If you've done your pre-onboarding homework, you should have a plan ready that includes:
If you can, take them out to lunch on their 1st day. This is a great opportunity to get to know your new team member as a person. You can use this time to discuss the projects they’ll be working on, your vision for the team, and challenges that you’re hoping they can help you solve.
Onboarding shouldn't end after day one. It takes time for new employees to learn the ropes and settle in to their new position. Connect with them regularly during their 1st week to make sure you can answer their questions and help them find what they need.
Schedule a weekly recurring 1:1 sessions with them for their 1st 30 days. These meetings should be anywhere from 30-45 minutes in length. Use this time to answer questions, give them feedback on their performance, review and collaborate on the development plan you crafted with them, and help them navigate any roadblocks they have encountered. After their first 30 days you can agree to keep the current schedule, length, and frequency or change it to suit both of your needs.
Treat these 1:1 sessions as sacred. Your new ID will more than likely count on them to answer questions and help them navigate your organization. If you are constantly rescheduling the meeting it can cause frustration and the feeling that your time is more important than theirs.
Either you or a member of your team should review your style guide, templates, and development process with them. This will help them to understand how you develop and implement learning solutions at your company. Let them know your expectations in terms of communication, quality, and process.

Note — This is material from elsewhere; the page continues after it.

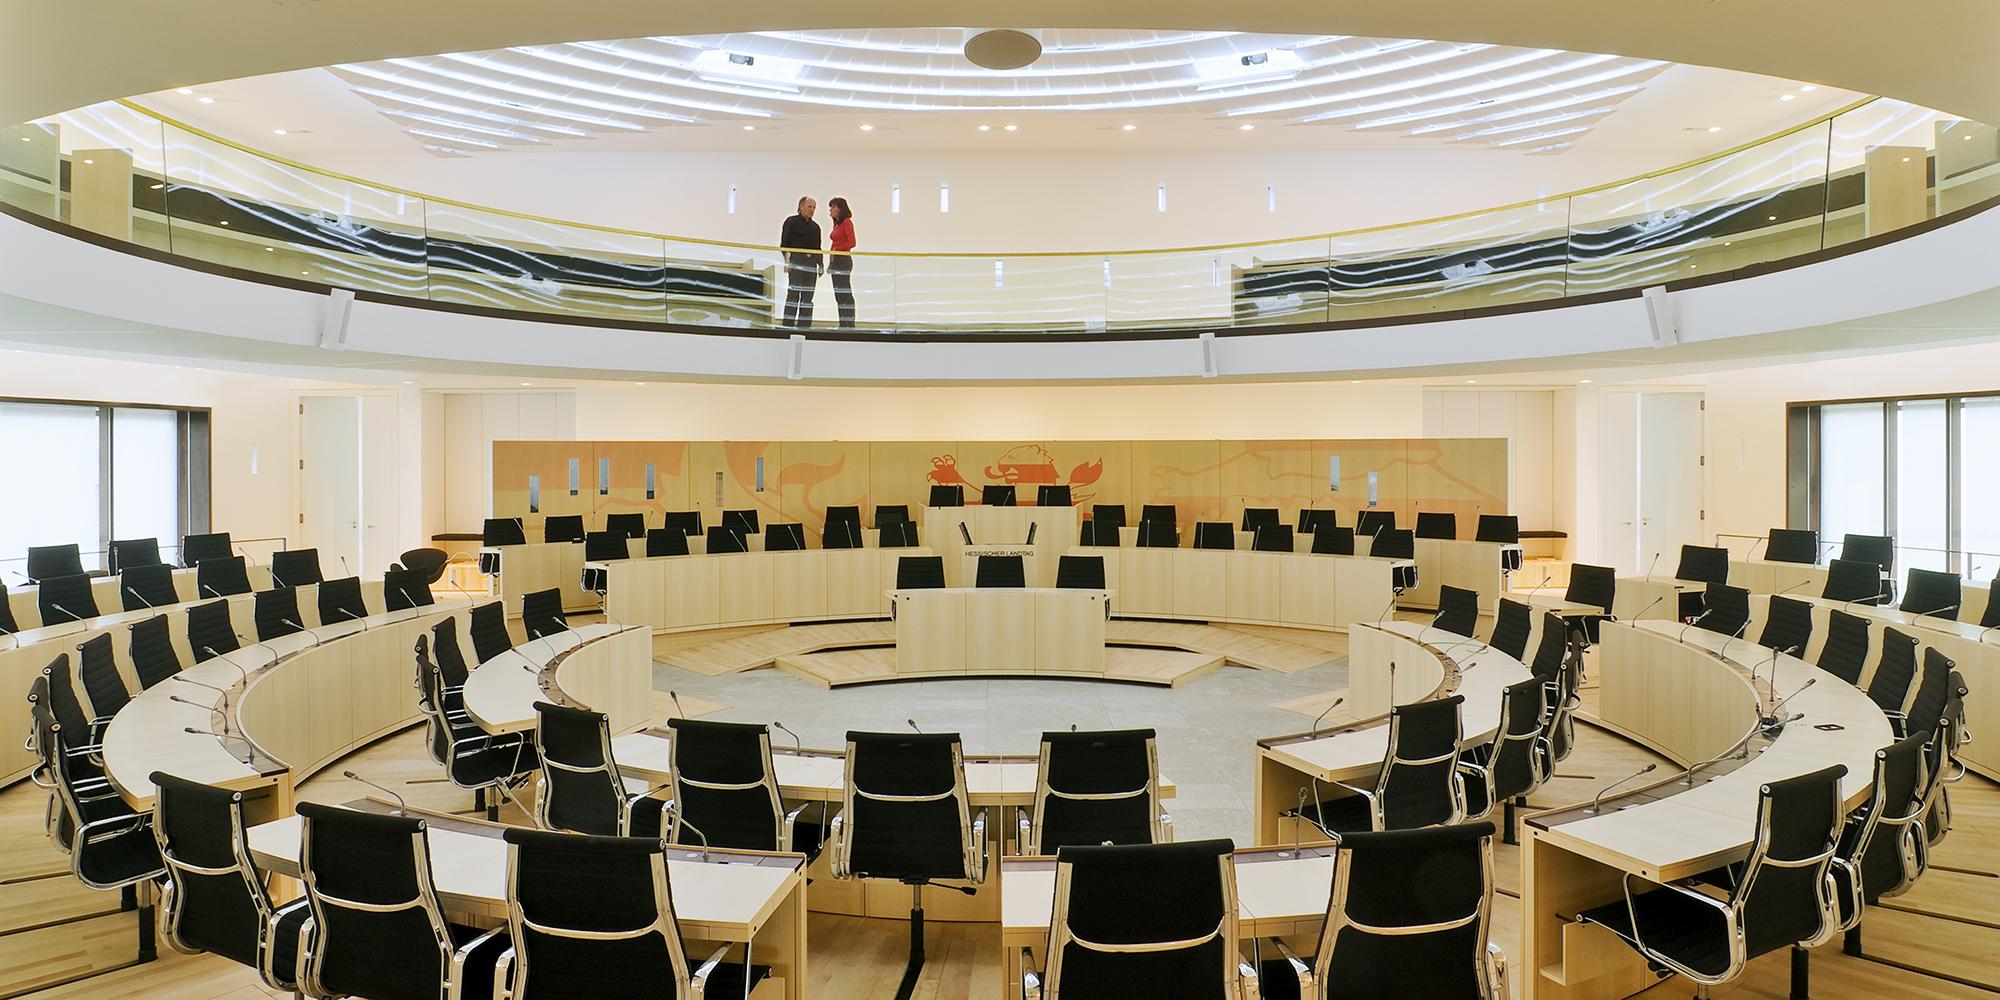 Plenarsaalgebäude Hessischer Landtag Innenansicht Plenarsaal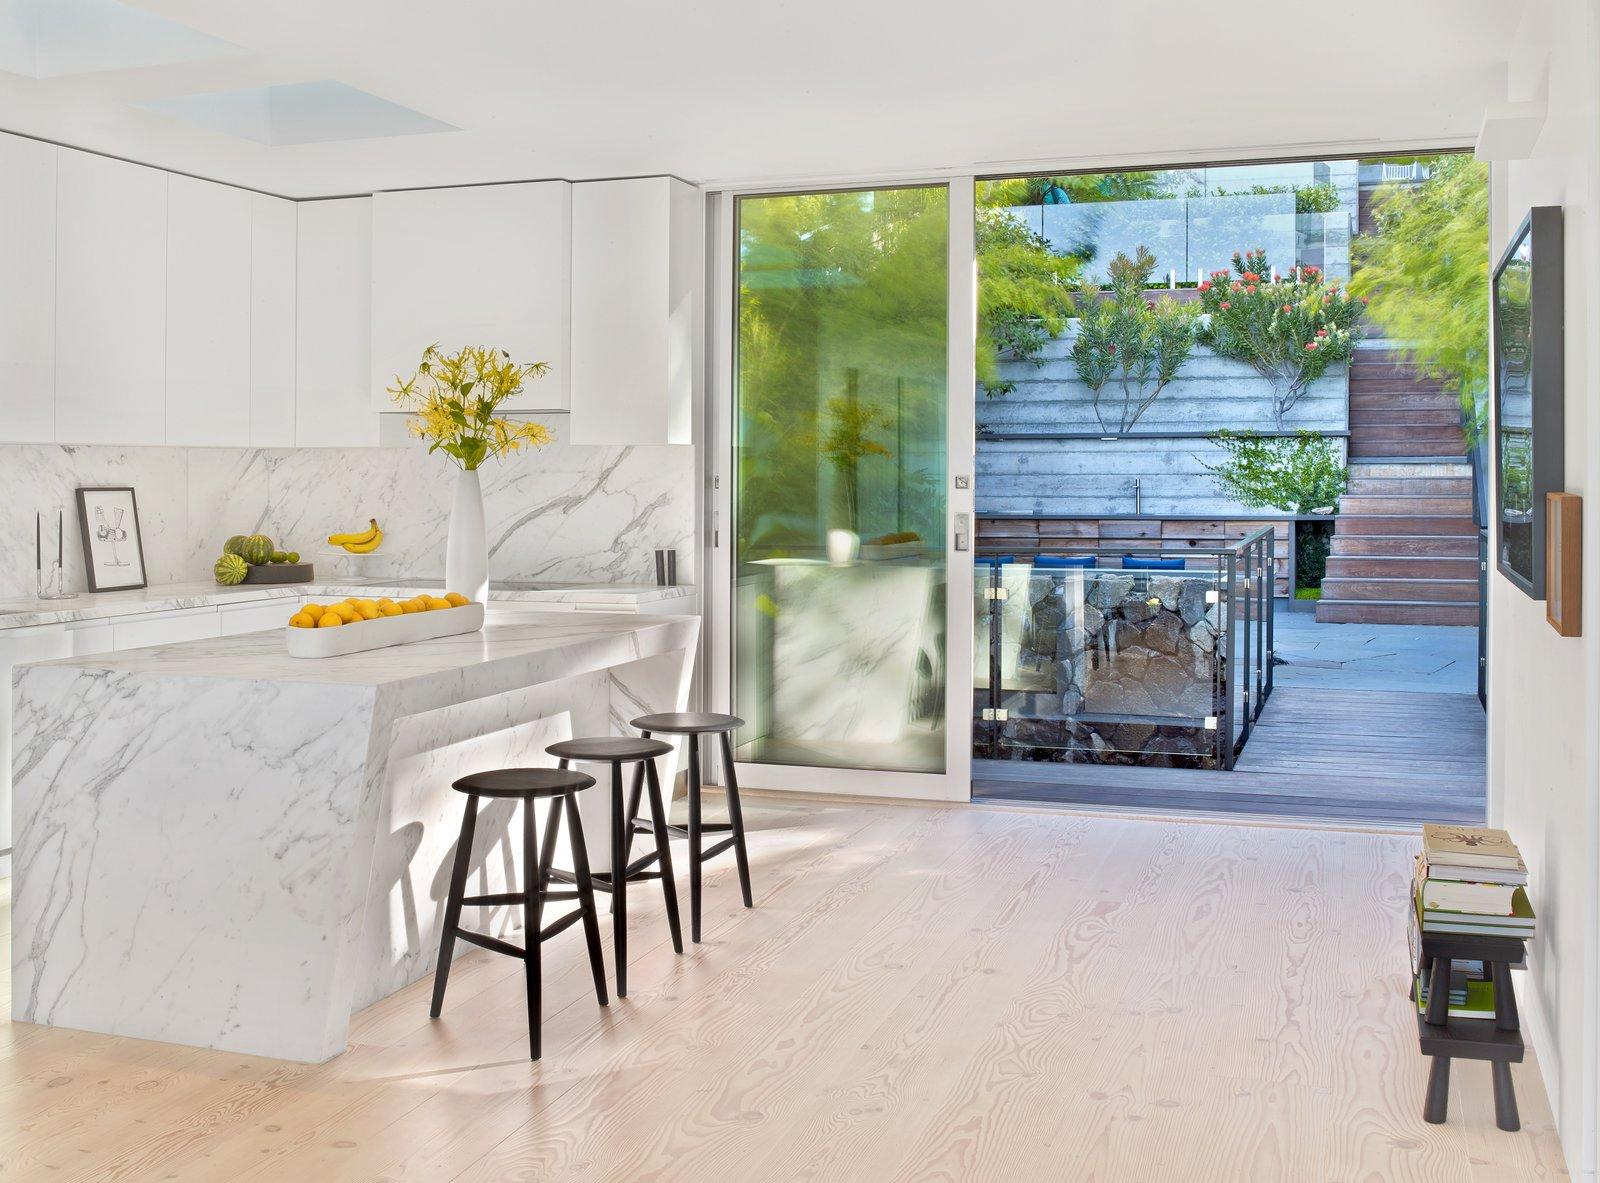 Kitchen, Marble Counter, White Cabinet, Light Hardwood Floor, Marble Backsplashe, and Ceiling Lighting  Glen Park Residence by CCS ARCHITECTURE

If they’re an intern or junior ID, pair them with a senior ID to help them navigate these processes. Shadowing offers a great opportunity for new team members to really see how work gets done. Have the Senior ID task them with the creation of learning objects for a current project . It’s an easy way for them to get started completing projects and adding immediate value to the team, without overwhelming them with a large scale project.
First 30 Days and Beyond
Continue to check in with your new team member and coach them as they manage their projects, implement new ideas, and integrate with your team and organization. Pay careful attention to how they are performing as well as feedback they are receiving from the team and other employees.
Depending on their last role and experience level it may take some time for them to find their footing and become a high performing member of your team. Your job is to support them, provide them with accurate feedback, coaching, and help to remove any roadblocks they encounter.
As a leader it's your job to help keep your employees engaged. Putting in the effort to provide them with an amazing onboarding experience is a great way to make them feel welcome, integrate them with your team, and give them the tools they need to be successful. Leading to a highly engaged employee starting on day one.